Terminaram de beber seu vinho e decidiram procurar o ancião para superar o impasse. Disse o lenhador:
- Ei, velho! Pelos teus trajes e pela tua longa barba nota-se que és um daqueles sábios que vivem nas montanhas. Diga-nos qual é o mais nobre ofício: lenhar ou entalhar?
- O lenhador nos traz a lenha, que espanta o frio dos rigorosos invernos. A ele devemos nossa existência e nossa permanência nestas terras gélidas. O lenhador é um destruidor. Porém, ao destruir, também cria as condições das quais dependemos para sobreviver. Assim, o destruir do lenhador encerra um princípio criador.
Bebeu mais um gole do chá e prosseguiu:
- Mas alguma coisa impele o ser humano a transcender o mero existir. É imperioso que essa existência seja plena de sentido. Eis então que surge a arte para fertilizar o solo do existir. O entalhador, com sua habilidade e precisão, nos brinda com belas esculturas. O entalhador é um criador. Porém, ao criar, sua nobre arte ressoa tão profundamente na consciência daquele que a aprecia que provoca uma transformação. Essa transformação nada mais é do que a destruição do velho e pior para ceder espaço ao novo e melhor. Portanto, o criar do entalhador encerra um princípio destruidor.
O ancião fez uma pausa para terminar o chá.
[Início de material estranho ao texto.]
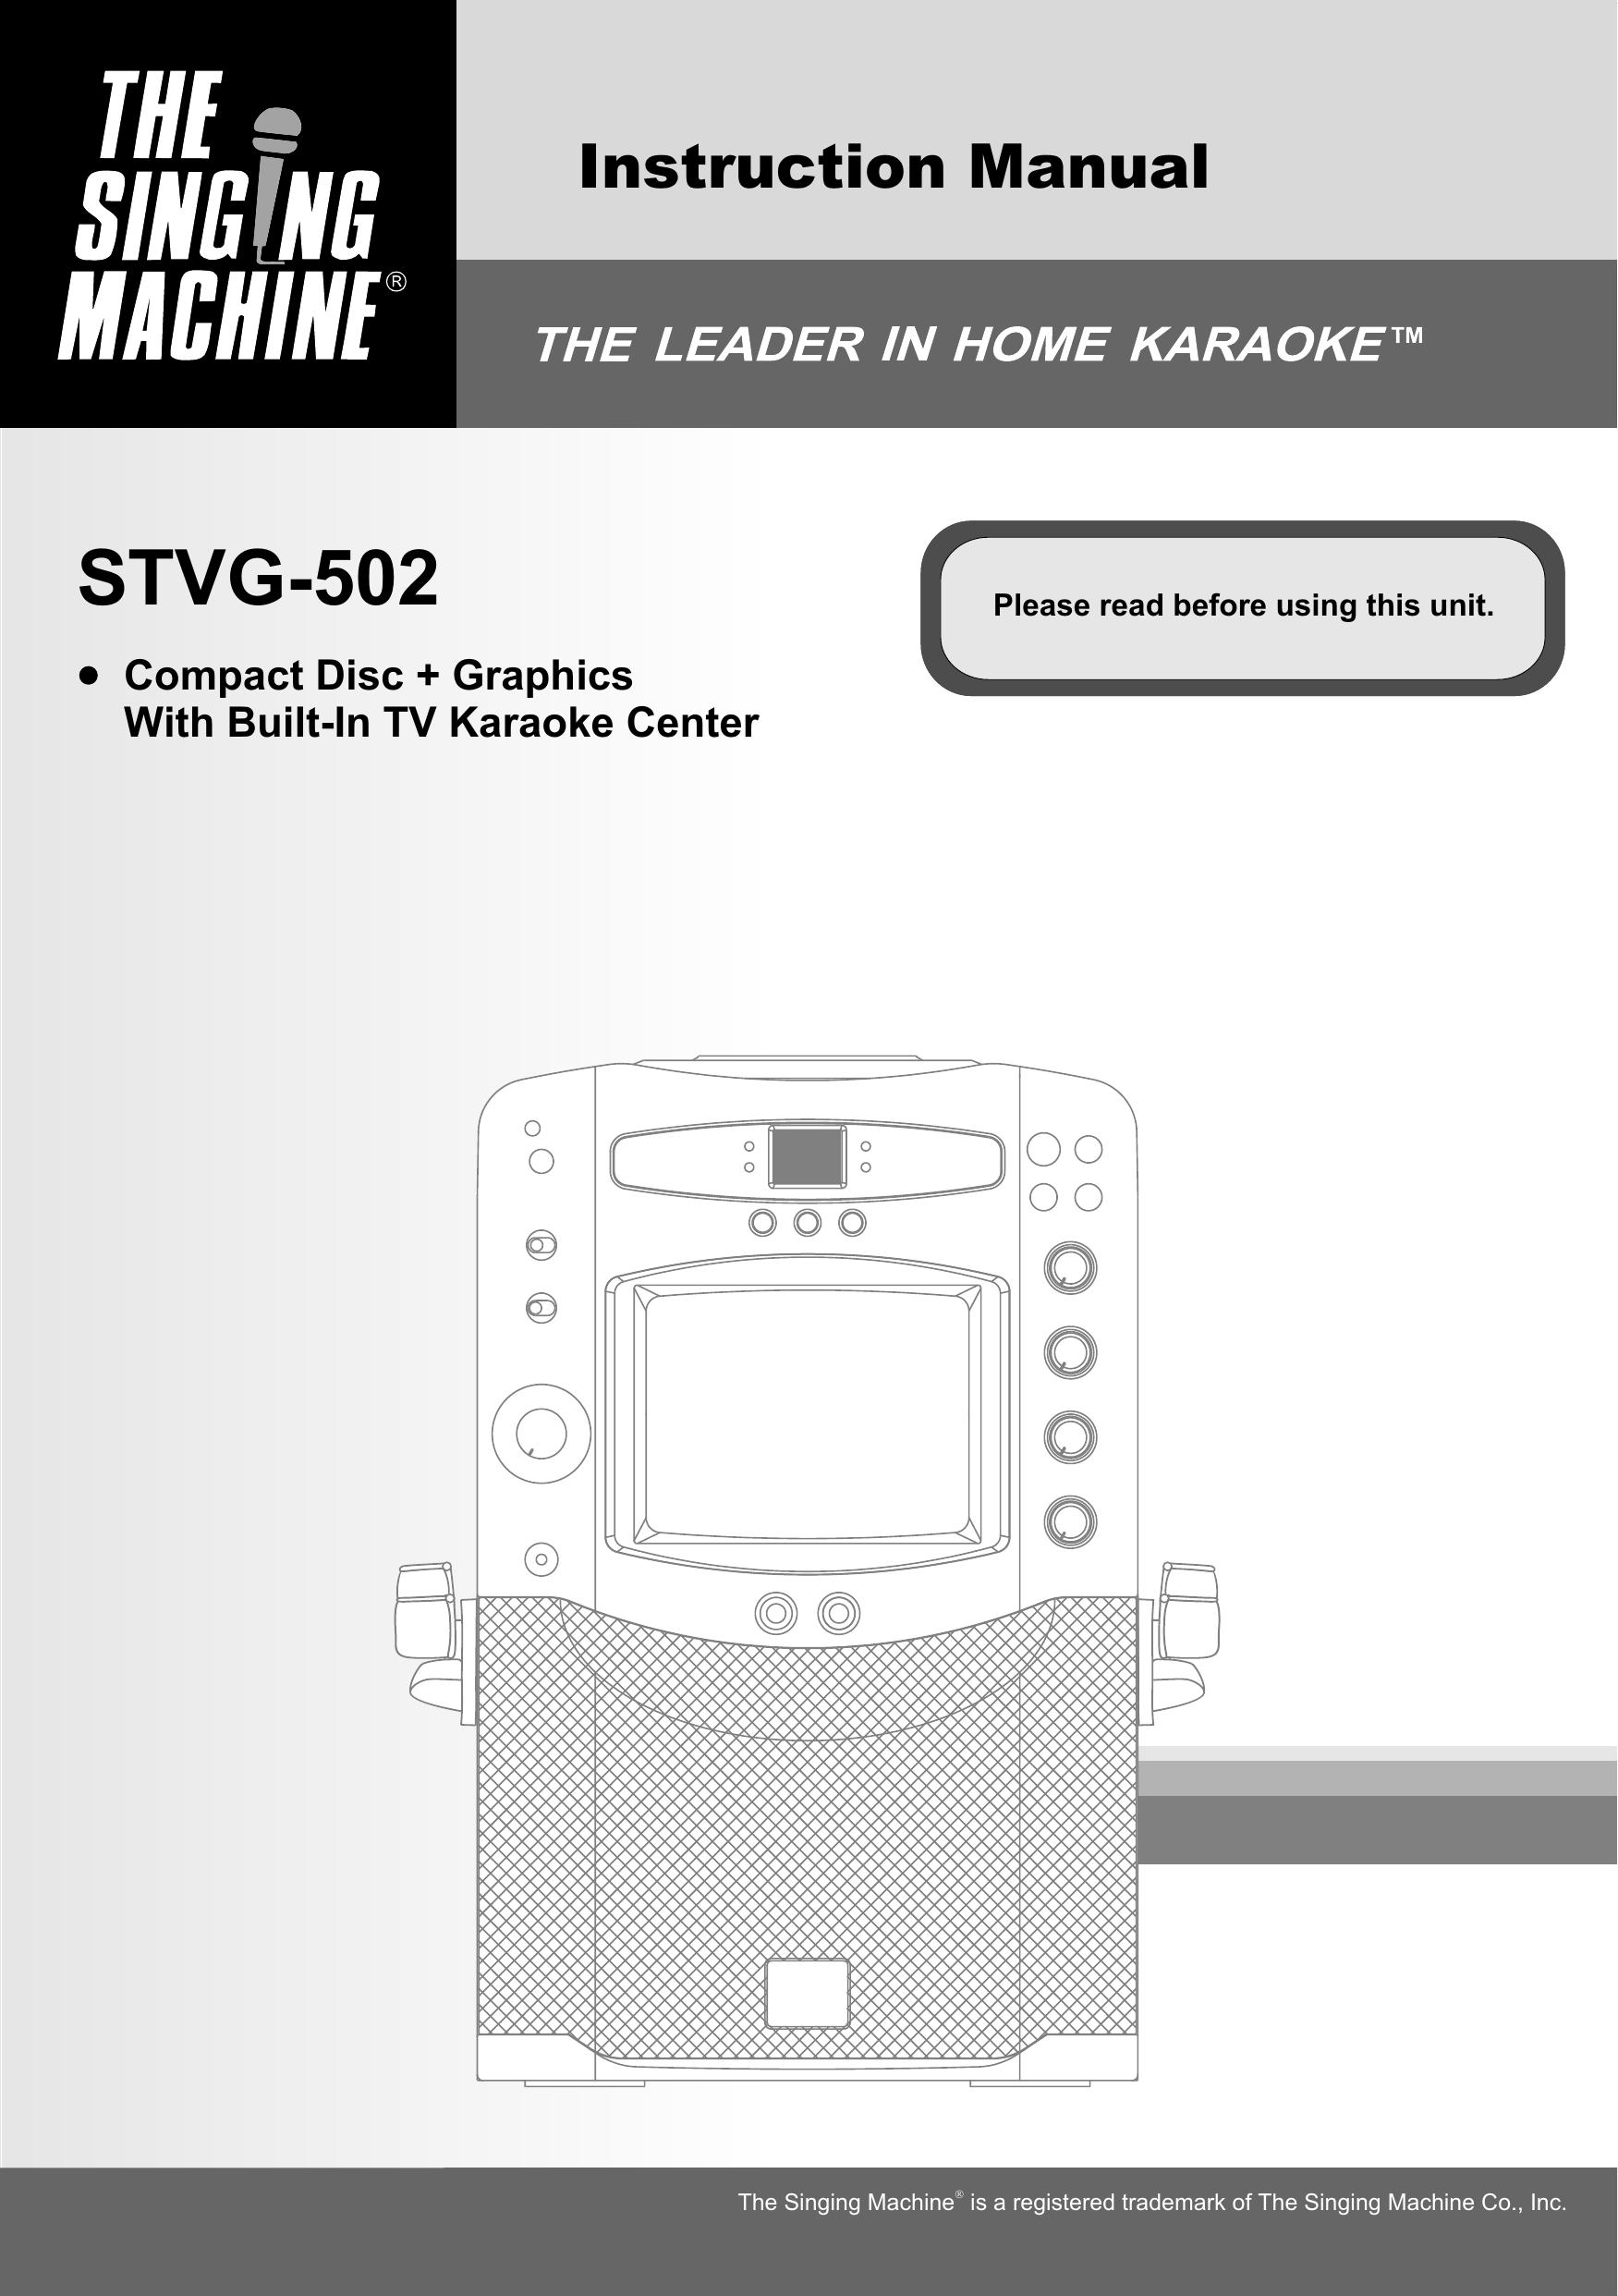 The Singing Machine STVG-502 Karaoke Machine User Manual

Todos os presentes já se aglomeravam em silêncio ao seu redor, para ouvir o ensinamento. Então ele concluiu:
- Percebam então, meus nobres jovens, que não há superioridade entre vocês dois. Há apenas complementação. O lenhador cria destruindo e o entalhador destrói criando. O que um de vocês faz encerra a semente do princípio predominante da ação do outro.
Impressionado com a sabedoria do asceta, o entalhador perguntou:
- O que fazes o tempo todo no topo da montanha para acumular tal conhecimento?
- Nada além do que você e o lenhador fazem aqui embaixo. Porém, aqui embaixo vocês estão todos separados. Lá em cima eu sou, ao mesmo tempo, lenhador e entalhador. Aqui, o lenhador e o machado são entes distintos. Lá, sou lenhador e machado. Aqui, o entalhador e a madeira não se confundem. Lá, sou entalhador e madeira. Assim, dia após dia, com a força e a disciplina do lenhador, obtenho de mim mesmo minha matéria-prima, ofereço-a a mim mesmo e, com a destreza do entalhador, esculpo-me.